The so-called blacklisting rule will not take effect on October 25, 2016 as planned. A federal district court Monday night granted a request to temporarily halt the regulation requiring federal contractors to report employment law violations to agencies that award contracts (Associated Builders and Contractors of Southeast Texas, et al. v. Rung, No. 1:16-cv-00425 (E.D. Texas, Oct. 24, 2016)).
Rules from the Federal Acquisition Regulatory (FAR) Council and a guidance from the U.S. Department of Labor (DOL) were scheduled to take effect in several phases, the first happening on October 25. (For details on the regulation, see Regs for Fair Pay and Safe Workplaces Executive Order Finalized and Final ‘Blacklisting’ Rule and Guidance Published: What Employers Need to Know.)
Associated Builders and Contractors of Southeast Texas filed a suit challenging the rule and on October 13, asked the U.S. District Court of the Eastern District of Texas for a preliminary injunction that would prevent the government from implementing or enforcing the rule. The plaintiffs said the rule was arbitrary and capricious and would cause irreparable harm to employers.
In a reply, the White House’s Office of Management and Budget said that the plaintiffs’ suit is unlikely to succeed later on the merits and that they did not demonstrate a substantial threat of irreparable harm, as is required for an injunction.
The court granted—in part—the request for a preliminary injunction.
“[T]he public disclosure and disqualification requirements being imposed on federal contractors and subcontractors are nowhere found in or authorized by the statute on which the Executive Order, FAR rule, and DOL Guidance relies,” Judge Marcia A. Crone write.
Moreover, none of the laws involved (like the Fair Labor Standards Act, Title VII, and the Americans with Disabilities Act) provide for debarment or disqualification of contractors for violations of their provisions, she said.
Also, in delegating disqualification responsibilities to contracting agencies, “the Executive Branch appears to have departed from Congress’s explicit instructions dictating how violations of the labor law statutes are to be addressed,” Crone added.
The judge also said the plaintiffs may be correct that the rules are arbitrary and capricious, noting that FAR and DOL “failed to give an adequate explanation for imposing the drastic new requirements.”
Crone, however, left intact the rules’ “paycheck transparency” requirements, which, according to DOL, require employers to provide wage statements detailing employees’ hours worked, overtime hours, pay and any additions made to or deductions made from pay. The provision requires contractors to inform an individual in writing if he or she is being treated as an independent contractor.

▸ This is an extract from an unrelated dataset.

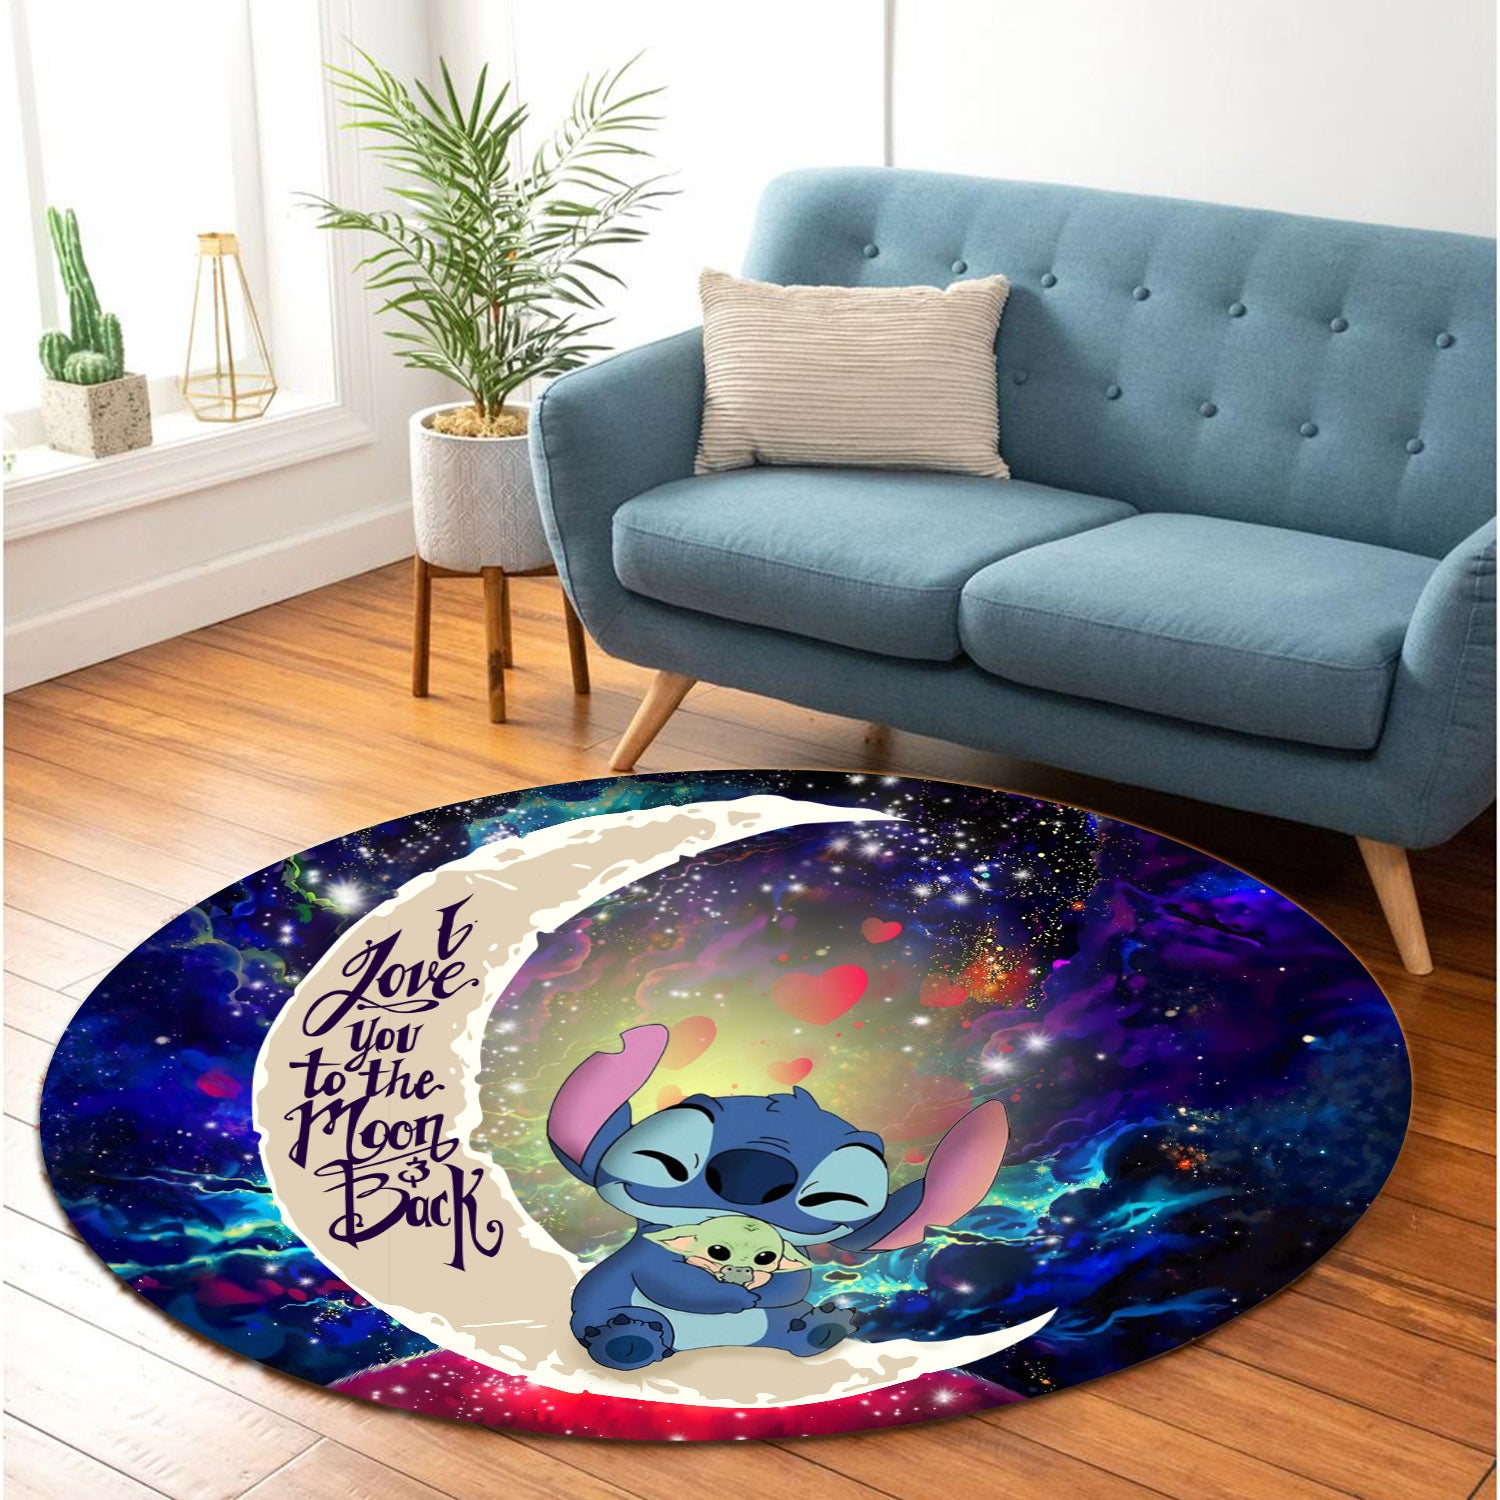 Stitch Hold Baby Yoda Love You To The Moon Galaxy Round Carpet Rug Bedroom Livingroom Home Decor Nearkii

The plaintiffs failed to show that they likely would succeed on the merits of the paycheck transparency claim and that they would suffer irreparable harm from the provision, which doesn’t take effect until January 1, 2017.
The National Employment Law Project, an employee advocacy organization, said that the order merely delays implementation of the Executive Order. “Historically, presidents from both parties have issued numerous executive orders affecting federal contracting during their terms in office. Ultimately, the courts have upheld nearly all these orders,” the organization’s Executive Director, Christine Owens, said in a statement.
Beecher, however, said that Crone’s order took DOL to task, calling her words “brutal.” The court may even ultimately determine that the executive branch overstepped its authority. “You can’t do what they were trying to do by executive order; you have to go back to Congress. How you get debarred is already spelled out in the law,” she said, adding that even if the case makes its way to the appellate level, it will be heard in the conservative 5th Circuit.
As for today, the order means that employers can hold off on compliance with everything except the paycheck transparency requirement. Stakeholders had argued that payroll companies aren’t yet able to accommodate that new requirement but Crone apparently didn’t think that warranted an injunction, Beecher said.
Regardless, she said, “it was a complete victory for federal contractors.”